[Input material — start]

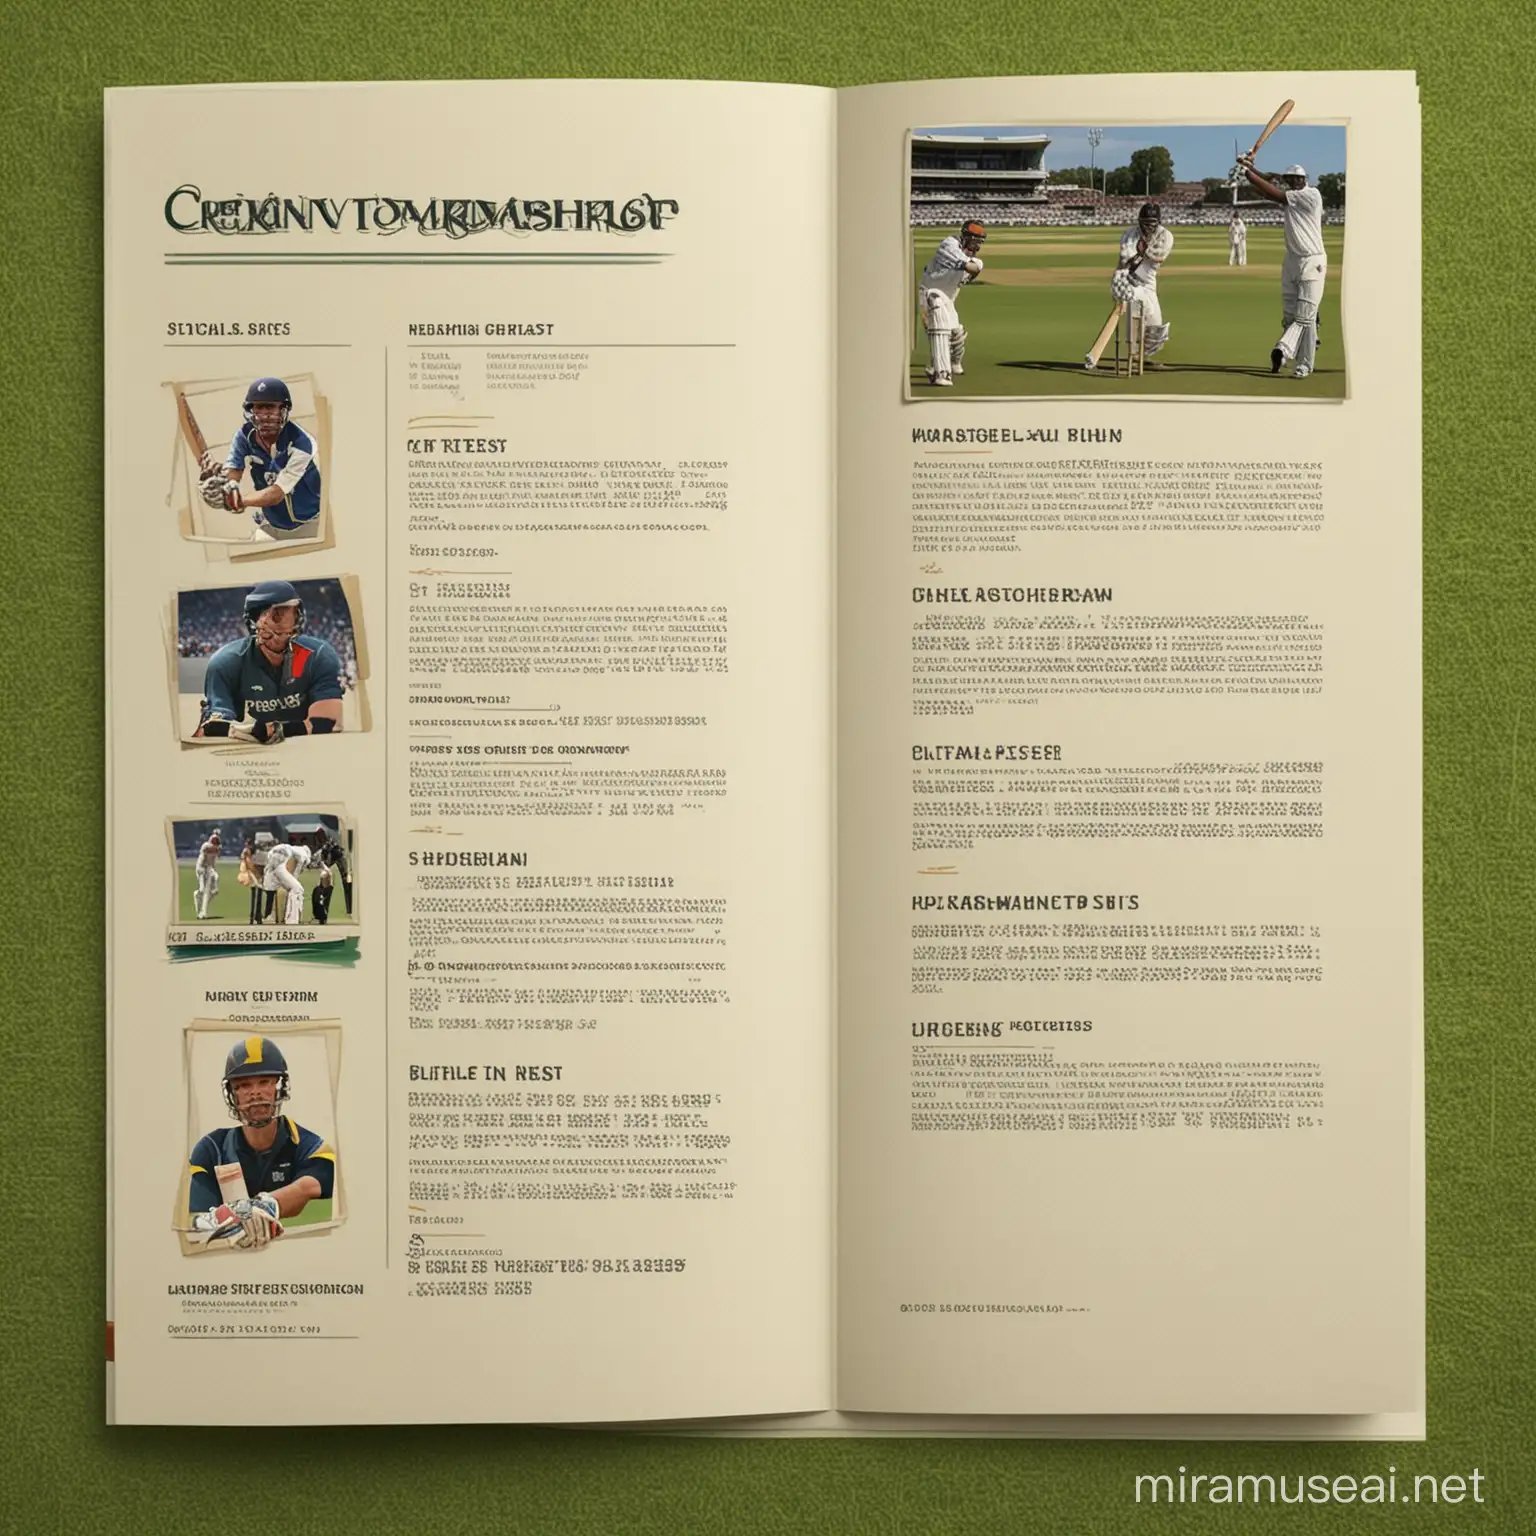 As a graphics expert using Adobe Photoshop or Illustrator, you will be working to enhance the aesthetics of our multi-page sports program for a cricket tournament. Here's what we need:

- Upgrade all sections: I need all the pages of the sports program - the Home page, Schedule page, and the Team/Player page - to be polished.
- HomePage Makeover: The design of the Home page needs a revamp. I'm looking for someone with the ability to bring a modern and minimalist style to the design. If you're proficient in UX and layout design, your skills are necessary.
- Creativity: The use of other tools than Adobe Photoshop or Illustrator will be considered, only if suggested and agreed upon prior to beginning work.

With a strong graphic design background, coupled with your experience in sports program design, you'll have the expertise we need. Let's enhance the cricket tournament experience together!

[Input material — finish]

Work request: Return all lines of the data in which the string "design" appears.

Solution to the problem:
- HomePage Makeover: The design of the Home page needs a revamp. I'm looking for someone with the ability to bring a modern and minimalist style to the design. If you're proficient in UX and layout design, your skills are necessary.
With a strong graphic design background, coupled with your experience in sports program design, you'll have the expertise we need. Let's enhance the cricket tournament experience together!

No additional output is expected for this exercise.